Living in Prosperity

As I was driving yesterday I passed a Mercedes SUV with a vanity plate on the front that read, “Living in Prosperity.” The plate was adorned with crosses as well. The obvious message was, “I am blessed because I am a Christian.” My immediate reaction was, “while half the world lives in poverty.” I tweeted this experience and a friend of mine offered two responses that are worth reposting here.

@thomasjwhitley Just this morning a homeless man was complaining to me about that vehicle-owner’s attitude.

@thomasjwhitley “It’ll get better,” he said they tell him from the pulpit before sending him on his way.

We, as Christians, often tell those less well-off than us that “it’ll get better” and that they just need to “trust God.” What if we flipped that around and started trusting God ourselves? What if we realized that God intended to feed the hungry with our excess? What if took seriously the part of our faith that commands us to “do unto the least of these”? What if we believed what the book of James said about pure and undefiled religion being that which “looks after orphans and widows”?

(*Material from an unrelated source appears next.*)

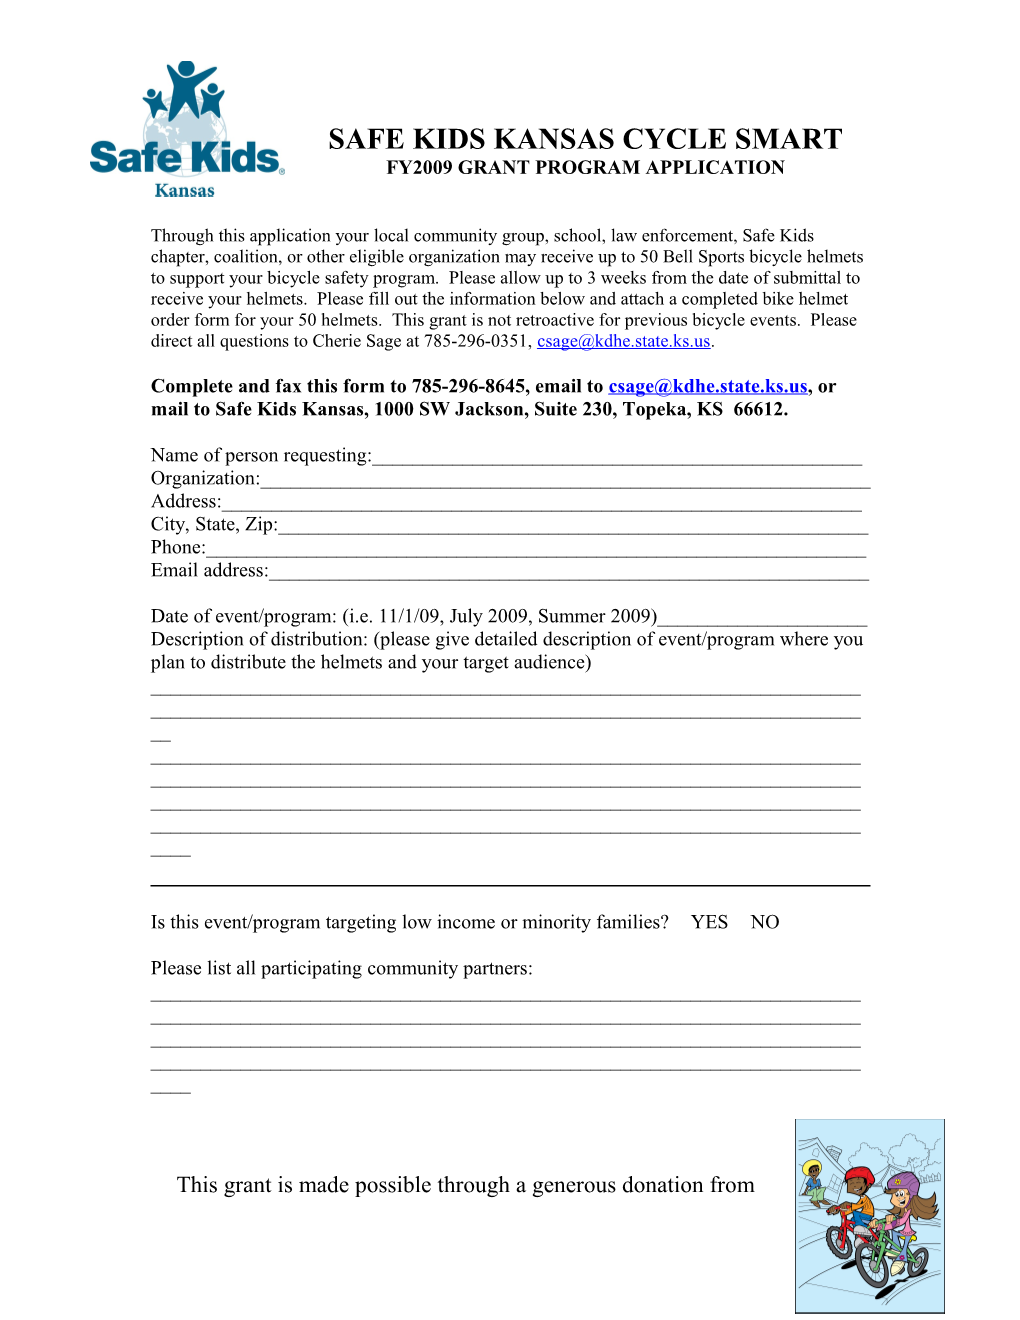 Kansas Safe Kids Cycle Smart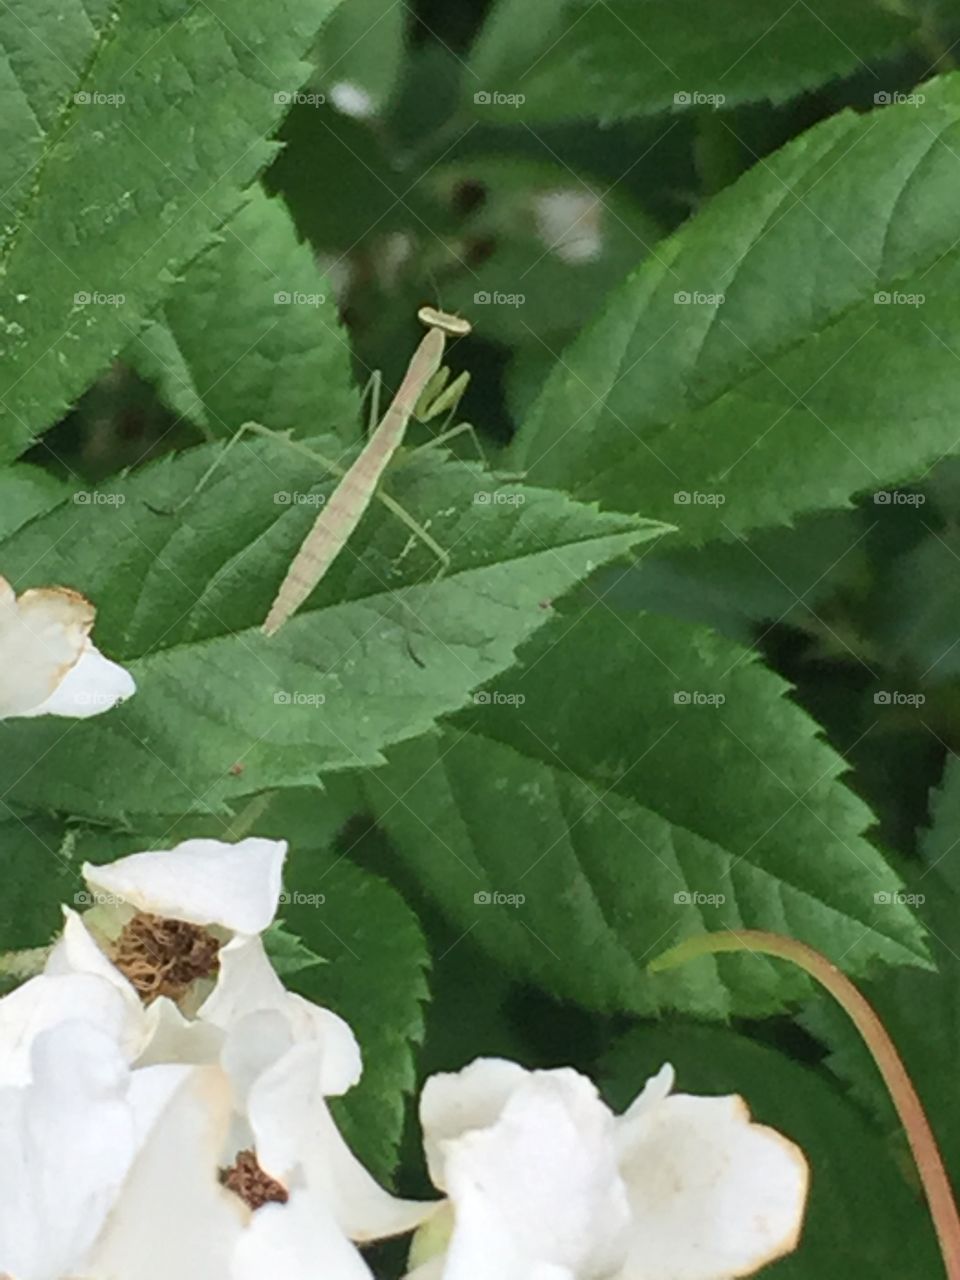 Praying mantis my kids named "John"... Yes it's a female 😏

This takes a paradigm shift in thinking, no doubt. I heard an interesting take on the well-known and oft-quoted Hebrew Bible blessing, “the Lord bless you and keep you” while at the CBFNC General Assembly this past weekend in the Hyaets breakout session: “The Lord bless you and keep you from hoarding those blessings.” May that be our prayer too.


3 thoughts on “Living in Prosperity

  1. Indeed, I live by the direction of Give unto Others and the sound knowledge that God expects us to care for our parents (aging) as they cared for us and he cares for us. It is really the thread of humanity that all Christians should have as both their mantra and their passion.

    1. I agree. If Christians put even a fraction more thought into looking after others, I think out situation would look drastically different. The current health care debate would have looked different (not that all Christians would be on one particular side, but that the concern of all parties involved would actually be those in need, not cost or winning a party victory or any other ulterior motive. I also think the situation of our homeless brothers and sisters and the many who live below the poverty line would look very different. It does appear that the less we have, the more willing we are to share, so giving of ourselves and our stuff will, hopefully, only work to make us more willing to give.